Jason-Jelks commented 3 years ago

I have application with s7-300 plc.Do you mean with 2 connections, 2 plc instances in your .net application?

Yes that is correct. You will have to govern when the instance you are going to perform your read/write is actively performing another request, as multiple read/write request into the same instance at the same time could be disastrous.

I will take a moment to also indicate that the S7.NetPlus does not, and cannot, perform validation to ensure that the TYPE you are writing to matches. Only that you have not exceeded the limit of the structure (DB) into which you are writing. This was discovered quite by accident when there was an unexpected change in the DB/struct that was not 'mirrored' in the .NET Class which was updating to the DB. The end result was that none of the values in the DB tags for the range of bytes that were updated made sense. So when you are using the Class read/write, make sure YOU are in control of the Struct(UDT)/DB which is being written to!

mycroes commented 3 years ago

I think this is now solved with the release of v0.12.0, thus closing the issue. Don't hesitate to respond if there are still questions.

jakob-ledermann commented 3 years ago

I agree. AFAIK in commit 5318f94dd71b960c0771c4bb57615e3b42e7ee09 (tagged as v0.12.0) it should no longer be possible to trigger to original issue.

The TaskQueue is a very interesting implementation. A minor change I would have included would be the removal of StreamExtensions.ReadExact and all callers (as far as I see TPDU.Read in COTP.cs is unused and not intended as public API for library users.)

The synchronous API still remains with a potential for a deadlock in the communication (the asynchronous API also if no cancellationTokens are used). But deadlocks are out of scope for this issue.

mycroes commented 3 years ago

Hi @jakob-ledermann,

I agree. AFAIK in commit 5318f94 (tagged as v0.12.0) it should no longer be possible to trigger to original issue.

The TaskQueue is a very interesting implementation.

Thank you, it's actually the first time I'm writing it like this, because I used to do something similar using Task.ContinueWith(...), however that requires locking while this can use Interlocked.Exchange(...). I guess this will work fine though. I actually wanted to use Nito.AsyncEx, but it wasn't available for all S7NetPlus target platforms. Either way, from what I saw at a quick glance it's also using TaskCompletionSources for it's AsyncLock, so I guess this should do just fine.

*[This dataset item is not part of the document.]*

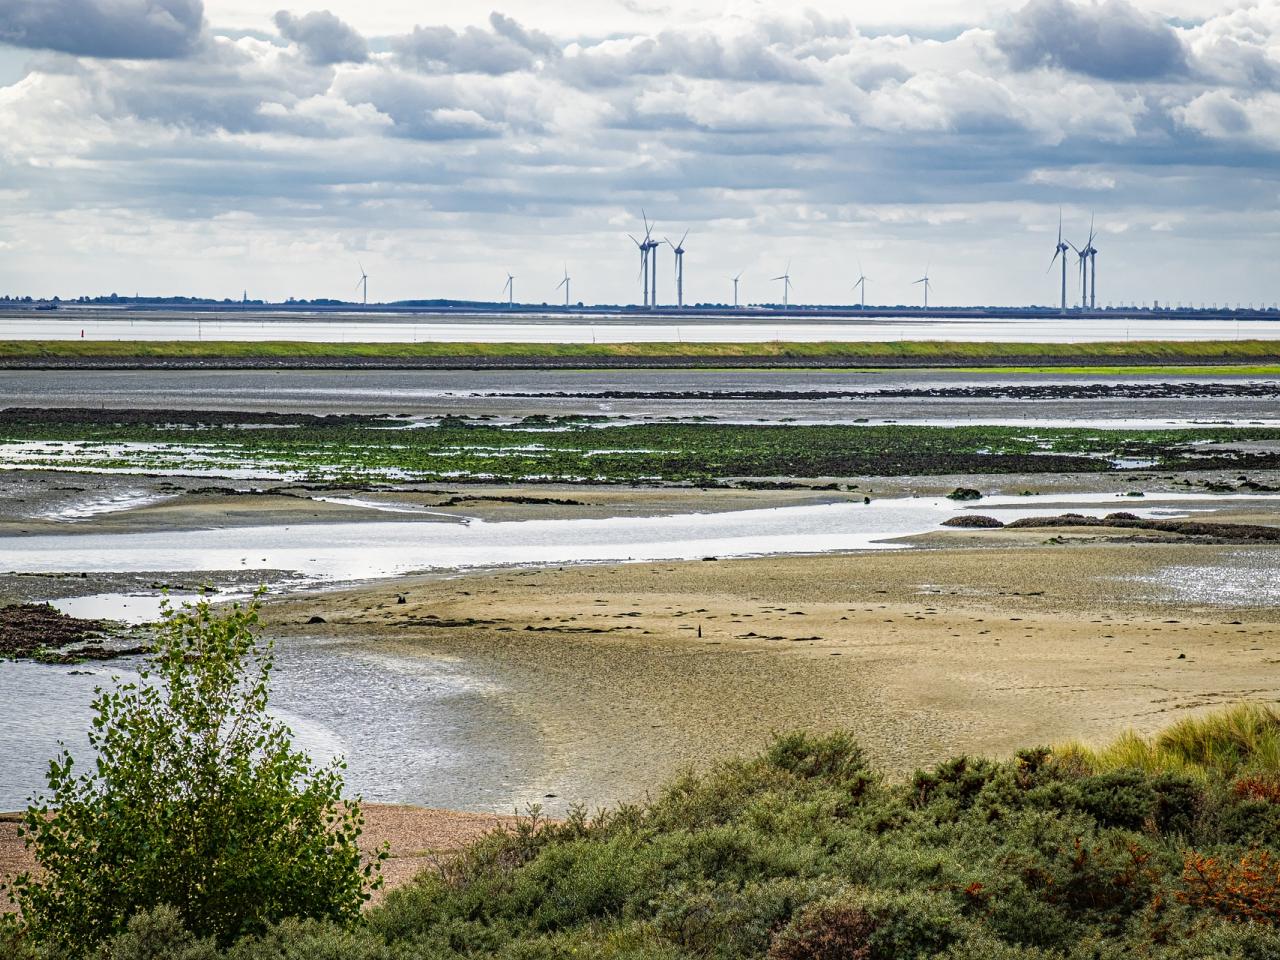 Natuurgebied Schelphoeck in Zeelan. Water en zandvlaktes met windmolens op de horizon.

A minor change I would have included would be the removal of StreamExtensions.ReadExact and all callers (as far as I see TPDU.Read in COTP.cs is unused and not intended as public API for library users.)

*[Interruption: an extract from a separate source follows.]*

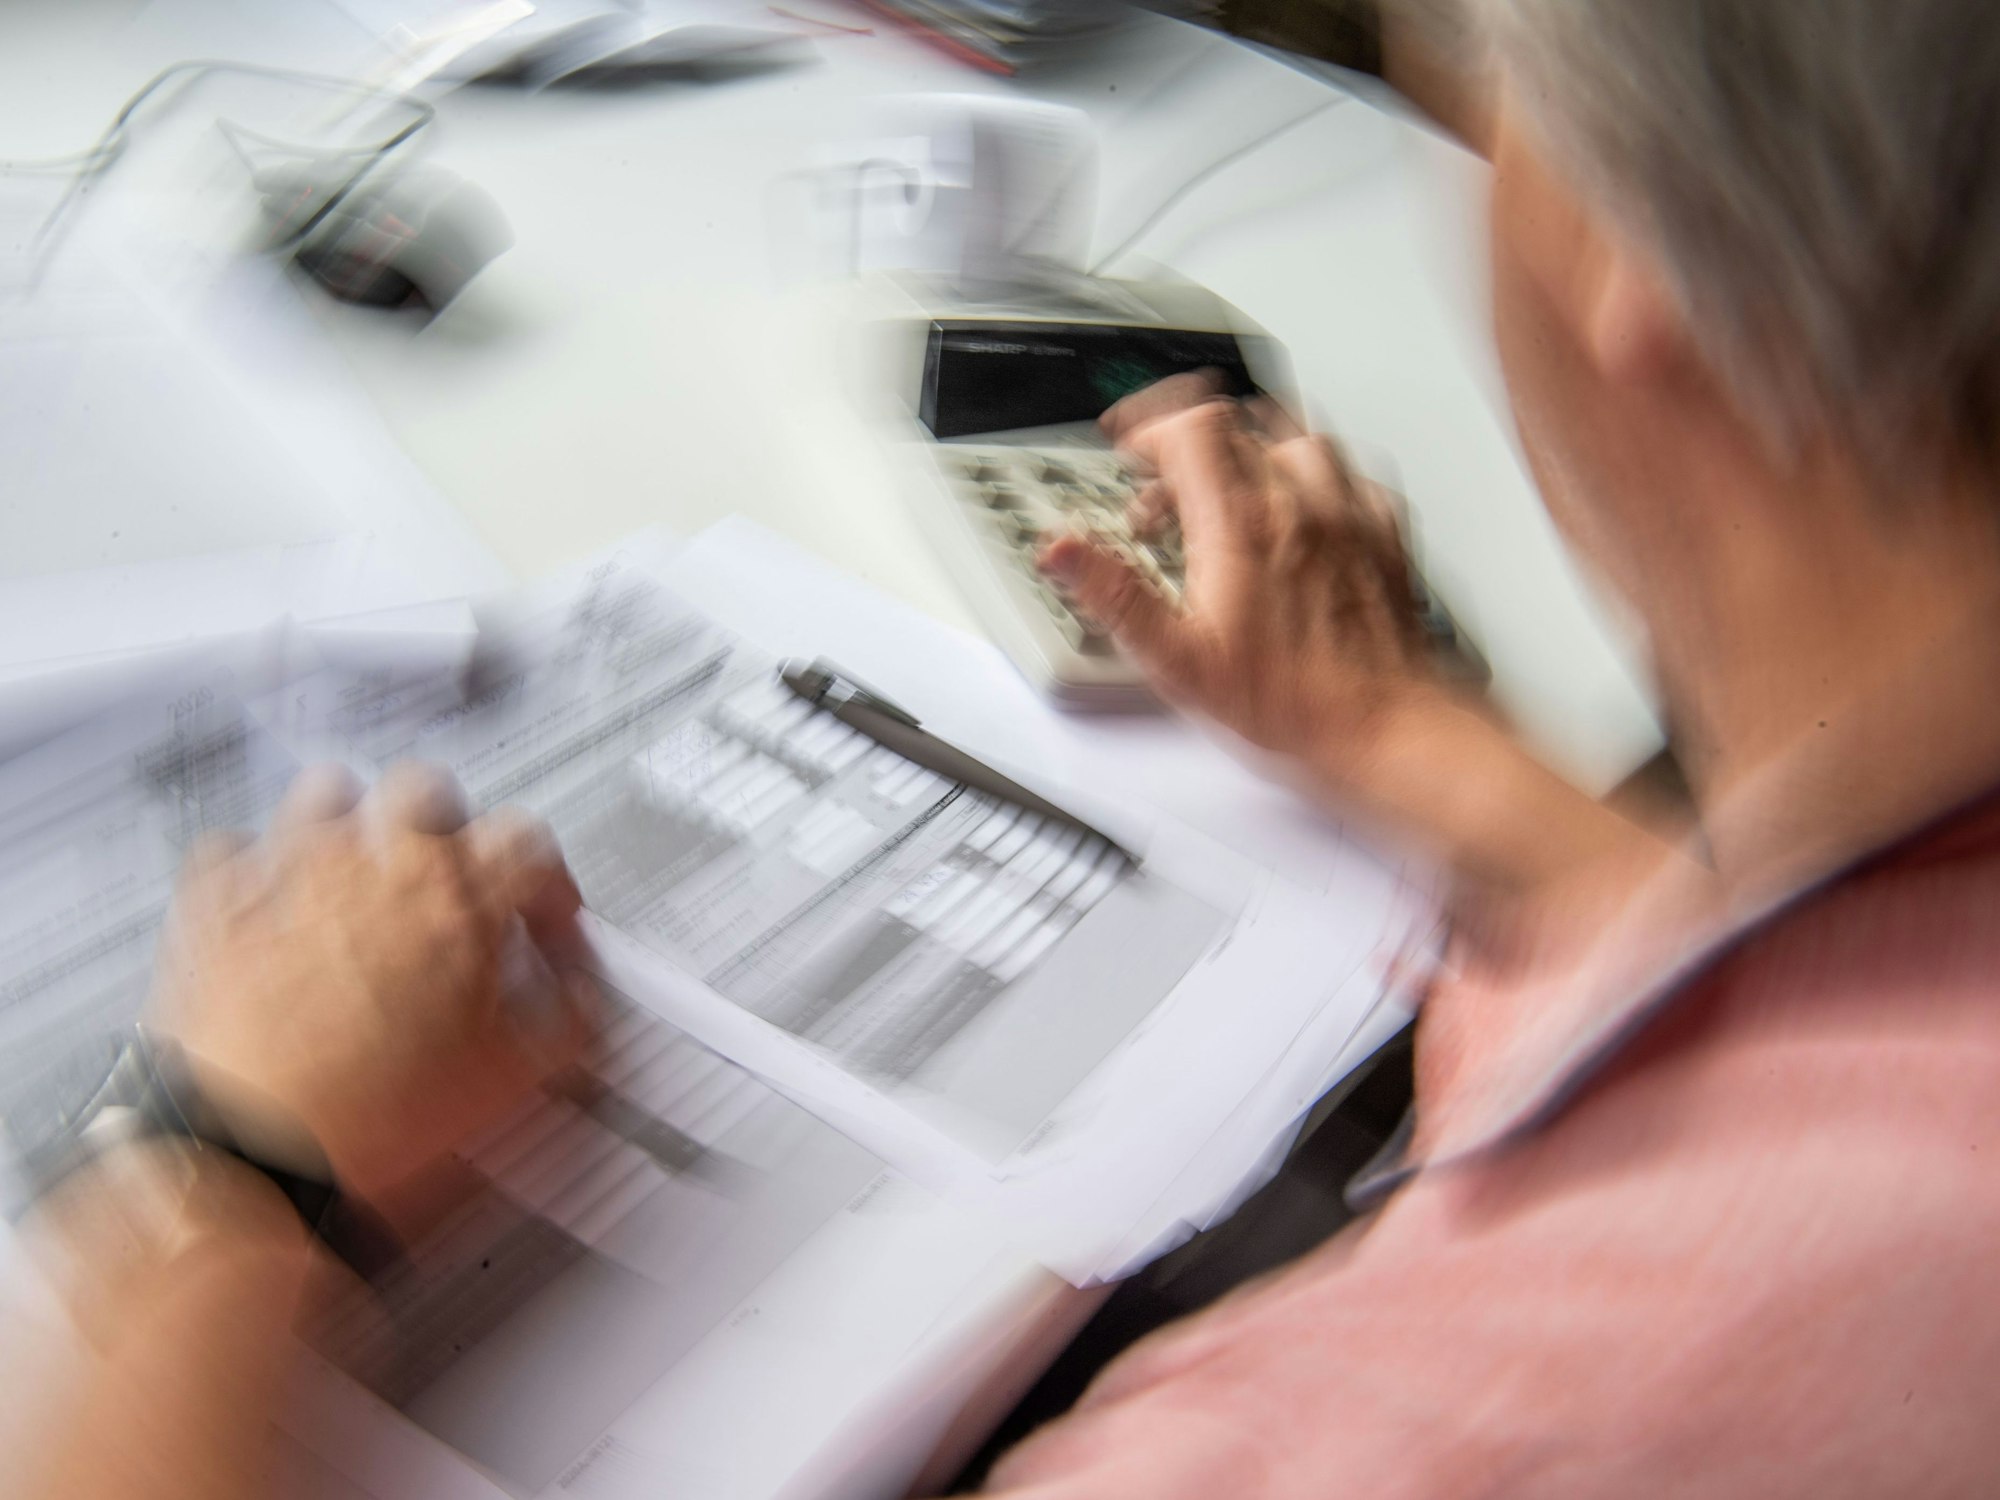 Ein Rentner füllt seine Steuererklärung aus und tippt zur Berechnung Zahlen in einen Tischrechner.

I thought it was still in use, but yes, that's definitely one to clean up as well.

The synchronous API still remains with a potential for a deadlock in the communication (the asynchronous API also if no cancellationTokens are used). But deadlocks are out of scope for this issue.

Not sure how you think it can deadlock? A deadlock would happen when something queued on the TaskQueue would await taskQueue.Enqueue(...) because the latter can never start. The communication can still stall if no data can be read, however AFAIK the TcpClient.ReceiveTimeout (set by PLC.ReadTimeout) should take care of that. It's not set by default though...

Regards, Michael

jakob-ledermann commented 3 years ago

Thank you, it's actually the first time I'm writing it like this, because I used to do something similar using Task.ContinueWith(...), however that requires locking while this can use Interlocked.Exchange(...). I guess this will work fine though. I actually wanted to use Nito.AsyncEx, but it wasn't available for all S7NetPlus target platforms. Either way, from what I saw at a quick glance it's also using TaskCompletionSources for it's AsyncLock, so I guess this should do just fine.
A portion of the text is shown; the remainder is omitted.